This Is Called the Part to Whole Fallacy
BLM activists’ proposed policy reforms include curbing the excessive use of police force, demilitarization, use of police body cameras, ending racial profiling and “stop and frisk” tactics, addressing over-criminalization, and improving training for police officers. Can reasonable people quibble over the particulars of BLM’s policy platform? Sure. But you don’t have to agree with every policy idea some activists propose to appreciate the main goal of the movement.
Instead of focusing on BLM’s primary purpose, many in the media have applied the words of some activists to the entire movement or erroneously connected unrelated violent events to BLM—just like some news organizations did with the Tea Party.
For instance, commentators often point to some Minneapolis BLM activists who chanted “pigs in a blanket, fry em’ like bacon” as evidence that the entire movement wants to harm cops. Also, although no evidence connects the tragic killing of Goforth to the BLM movement, pundits have blamed itnonetheless.
In reaction to this labeling of BLM as racist and violent, Fox News contributor and talk radio host Richard Fowler told Fox’s Megyn Kelly: “I don’t think we’re watching the same Black Lives Matter movement. I think if you talk to any of the organizers on the ground, both in Ferguson, in Baltimore, and New York, they will tell you they’re a nonviolent movement. That all they want to do is end the disparities.”
Decentralized Movements Represent a Spectrum
What many fail to realize is that social movements are decentralized heterogeneous coalitions—meaning that different types of people can be drawn to the same movement, sometimes for different reasons. One shouldn’t label an entire movement by the comments and actions of just a few activists—as Fox News contributor Mary Katherine Ham rightfully pointed out. The key is identifying the glue that holds the movement together. In my dissertation on the Tea Party movement, I found several distinct clusters of Tea Partiers, with racial anxieties motivating only a minority slice. But by and large, the overwhelming majority really was about small government.
The same applies to Black Lives Matter: it’s a decentralized movement in which the central thrust focuses on police abuse in the United States, particularly as it disproportionately affects African-Americans.

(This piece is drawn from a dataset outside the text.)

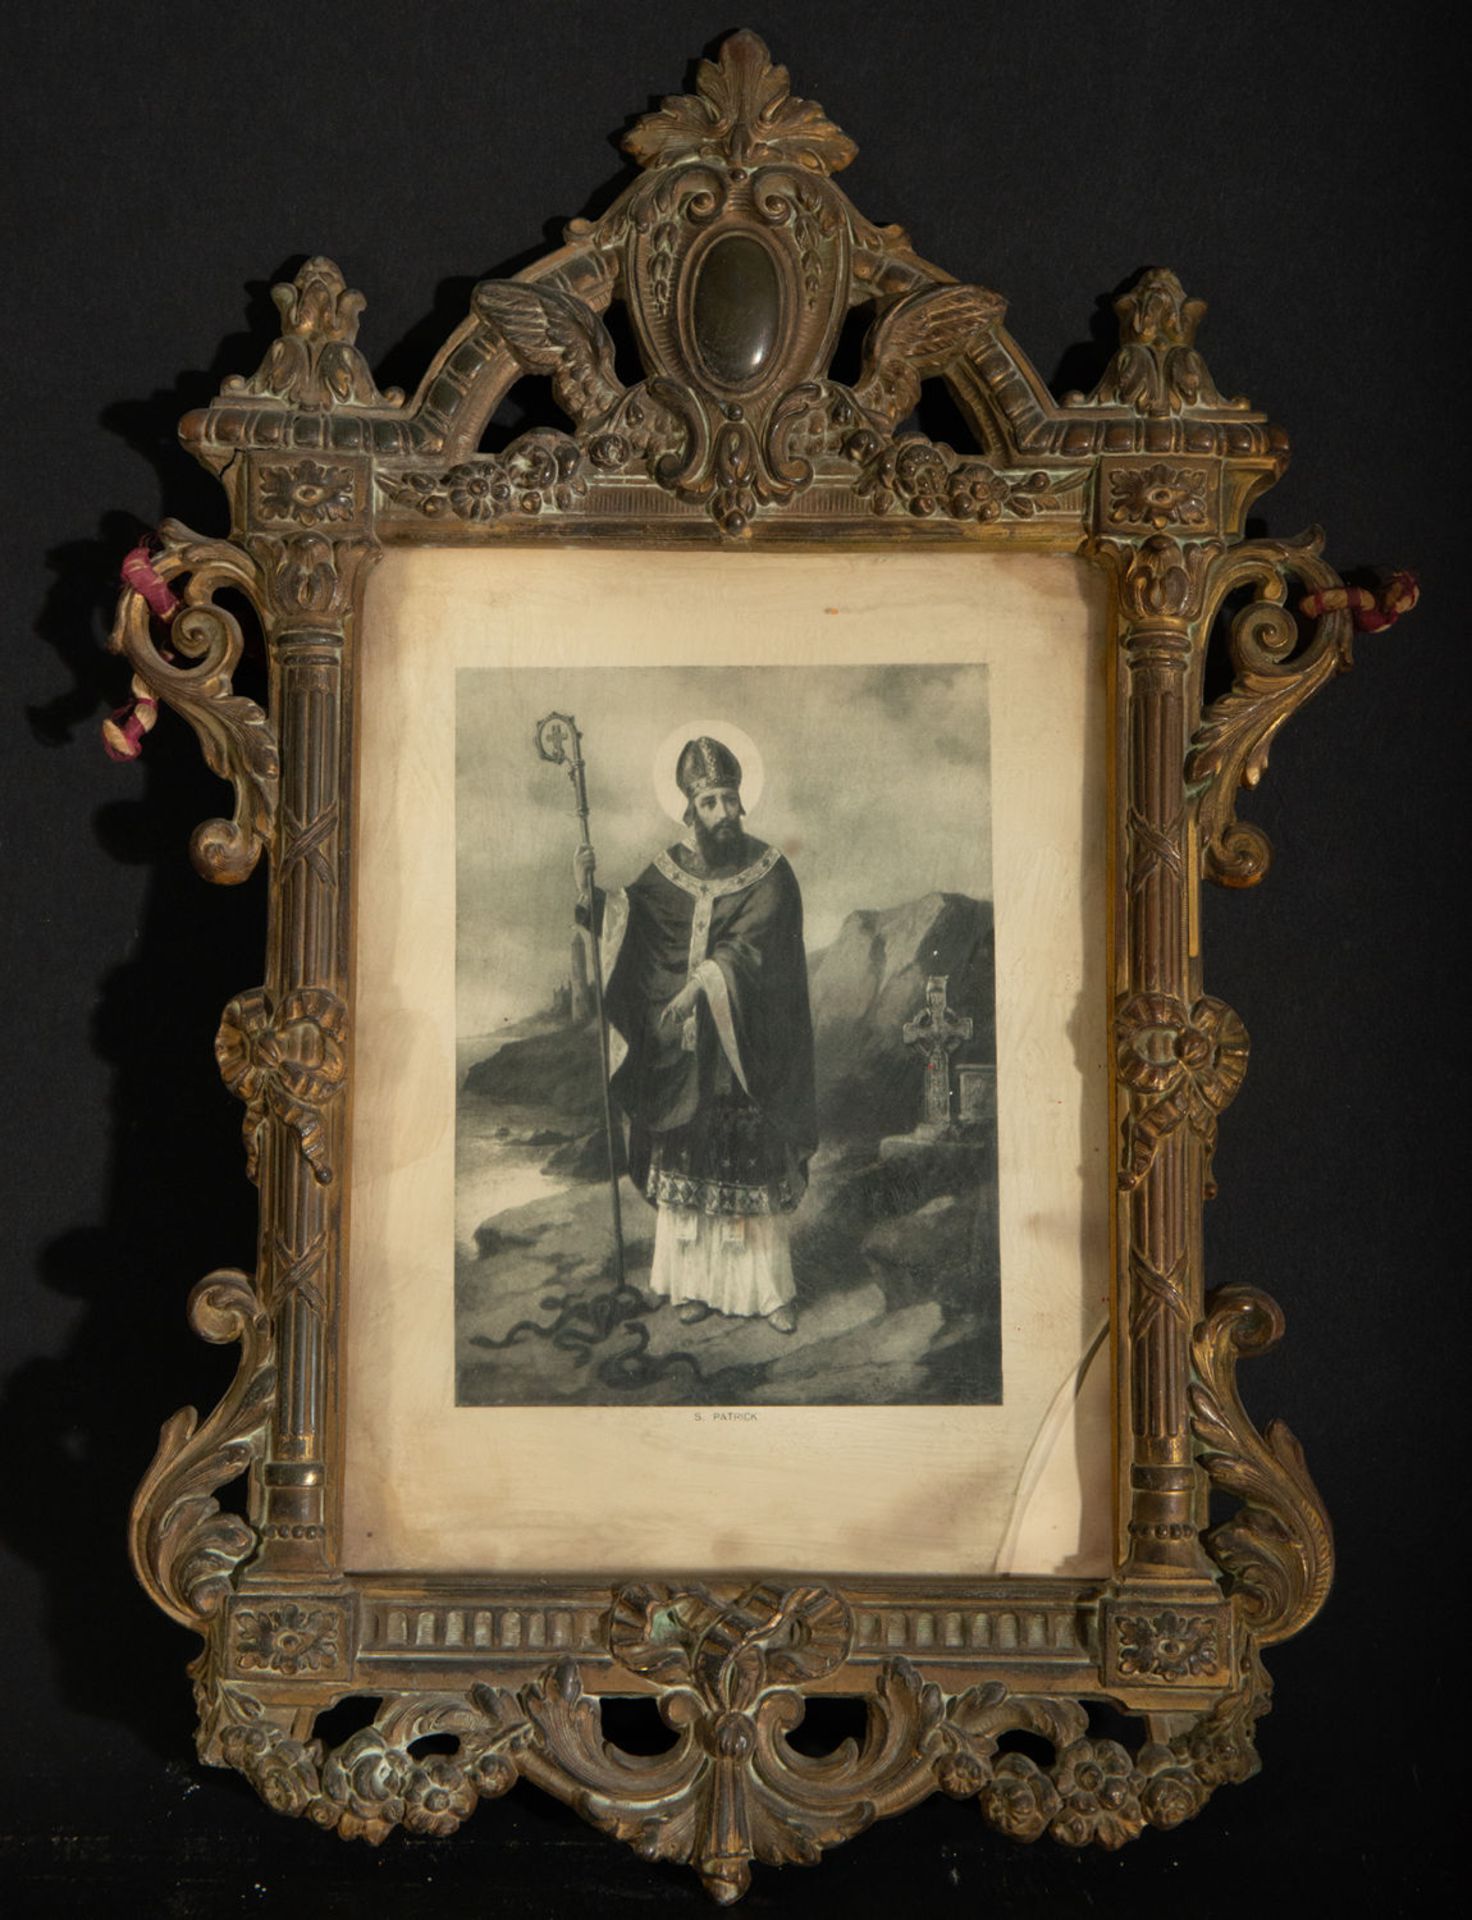 Italian bronze frame with engraving, 19th century
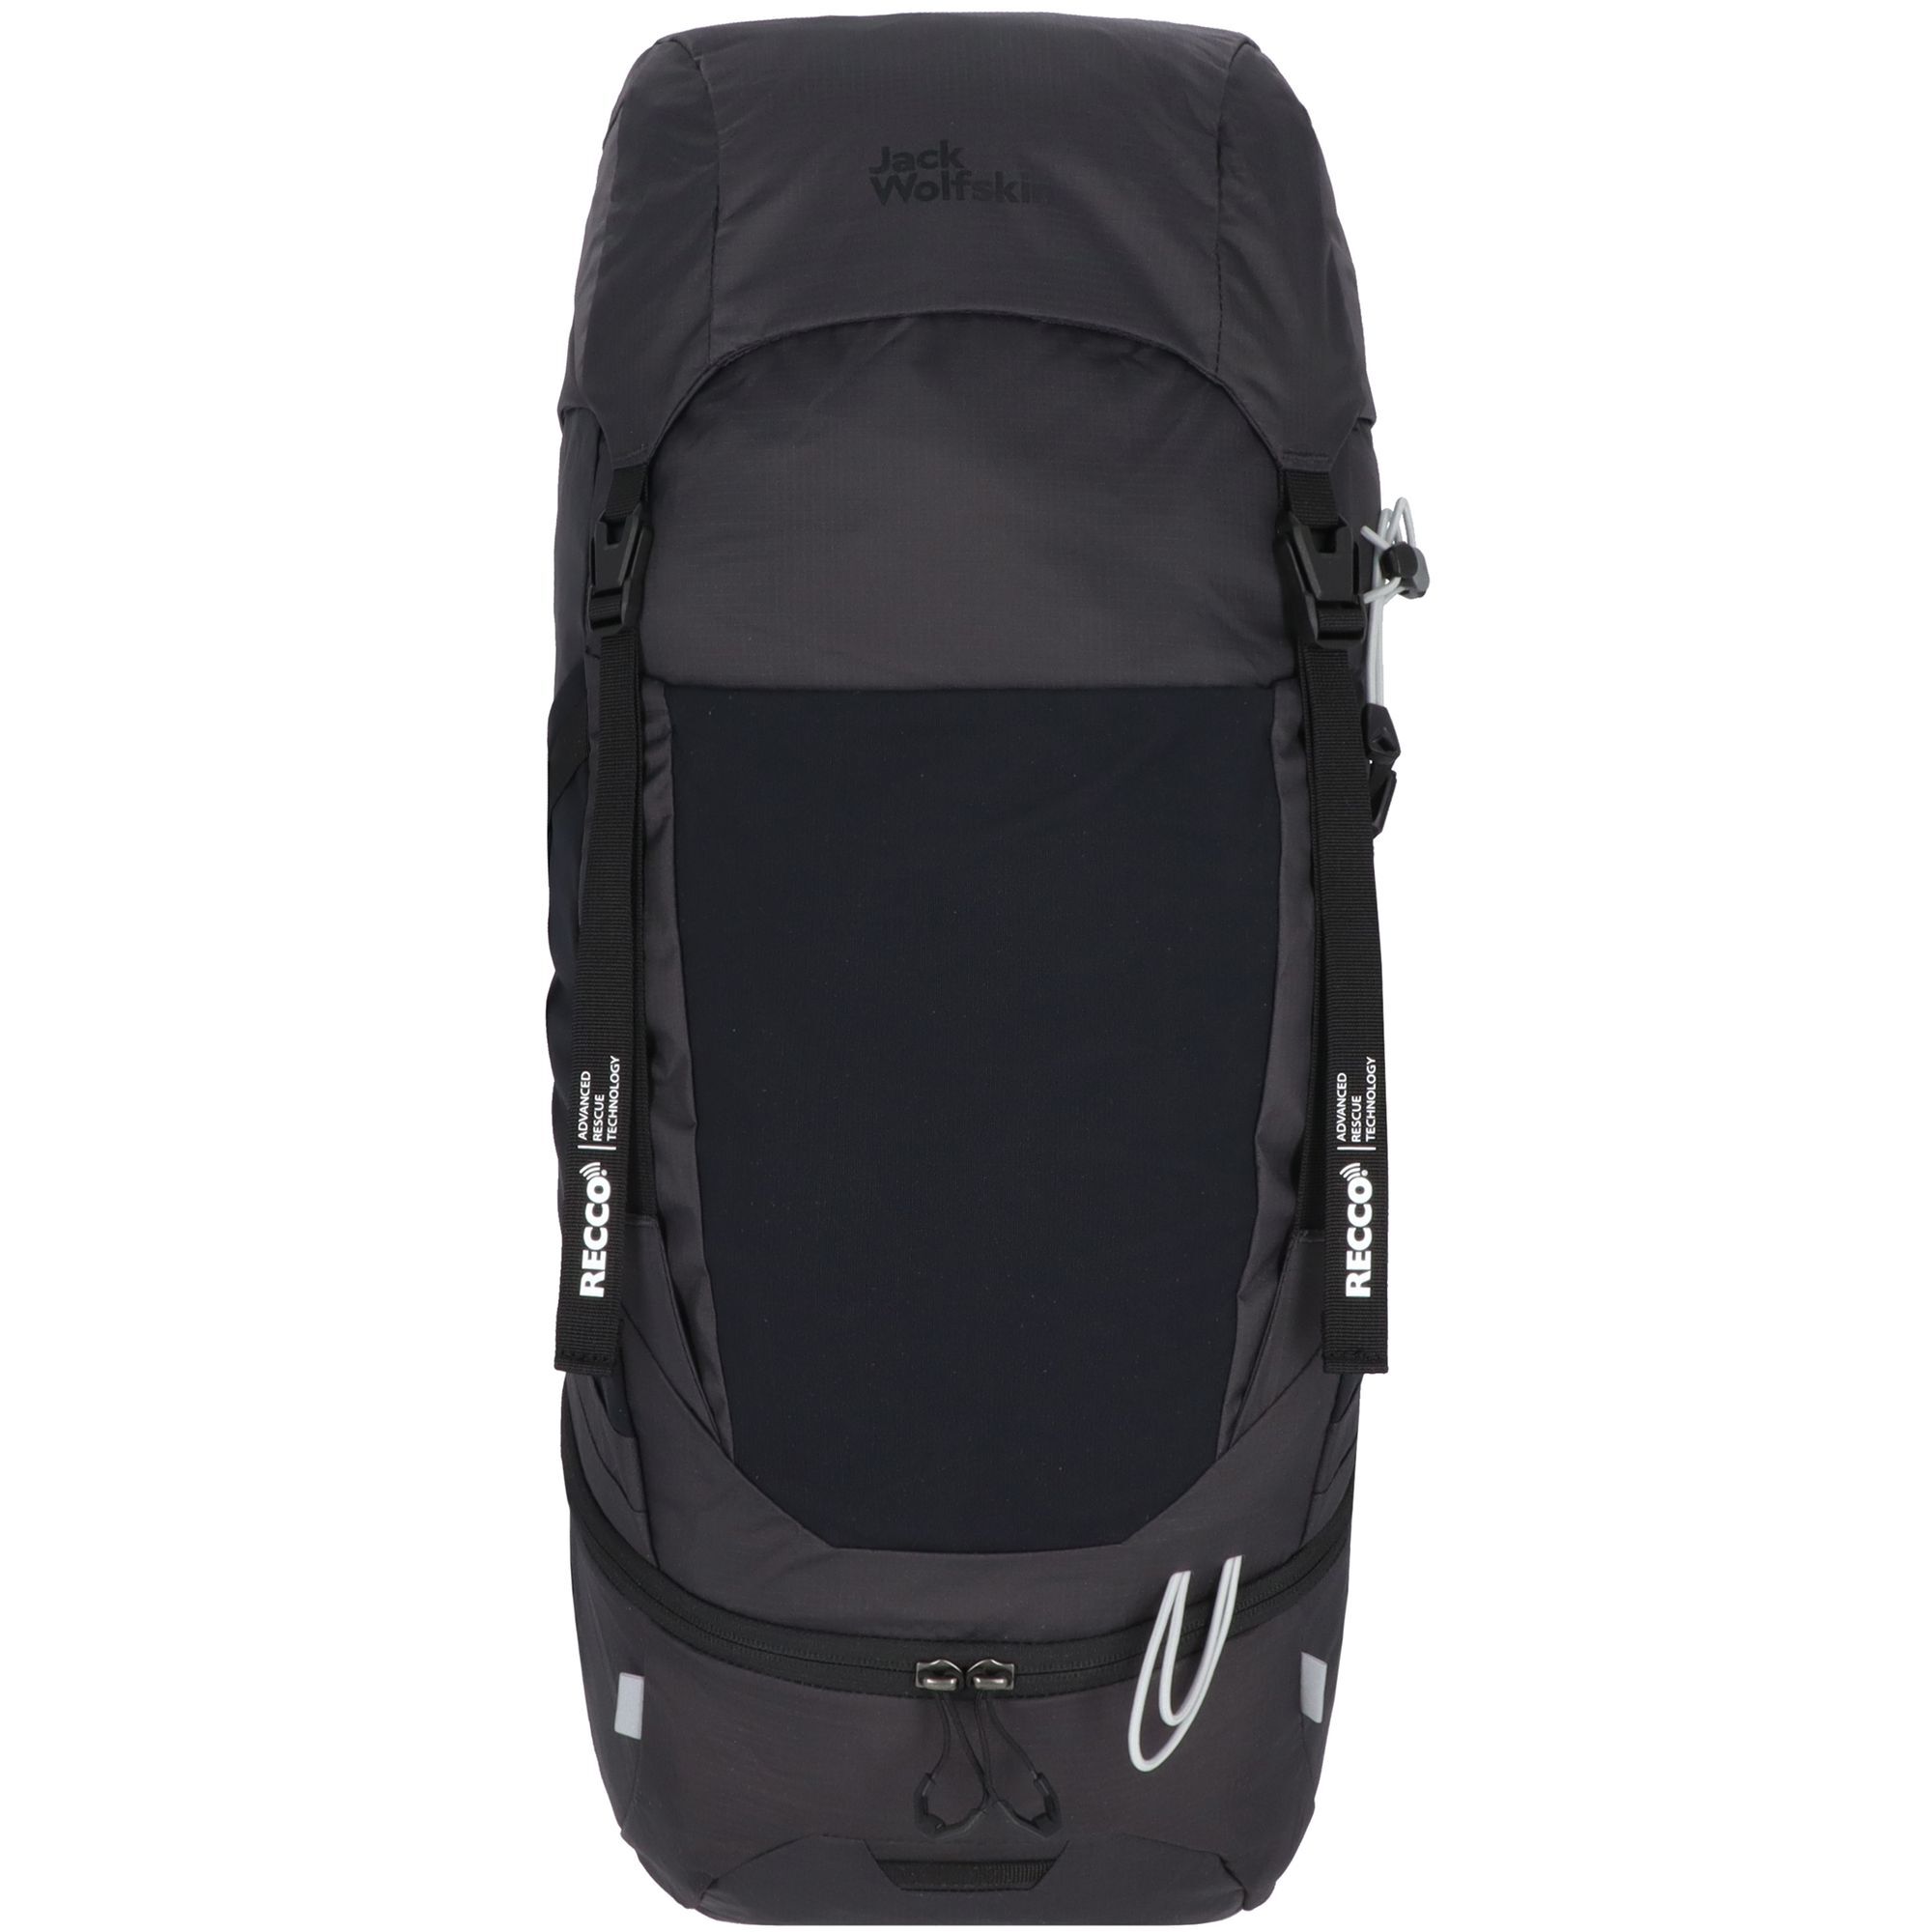 Рюкзак Jack Wolfskin Wolftrail 28 Recco 62 cm, цвет phantom рюкзак jack wolfskin kingston 30 pack recco

We—all Americans—should listen to Black Lives Matter. Reform is needed. Surely, this is not just about racial prejudice. Police abuse and lack of accountability affect people from all racial and ethnic backgrounds, as white Michigan resident Deven Guilford would tell you if he hadn’t been killed by a cop after flashing his high beams at a police vehicle. At the same time, we should be capable of recognizing that justice in this country is not yet applied without regard to race (i.e., see here), and we should applaud efforts to move society in the right direction.
Conservative pundits balked when some of their colleagues on the Left smeared the Tea Party as a racist movement instead of recognizing it as an effort to reign in big government. They would now do well to take a long, hard look in the mirror with respect to their own coverage of the Black Lives Matter movement and recognize it as an opportunity to make change for the better.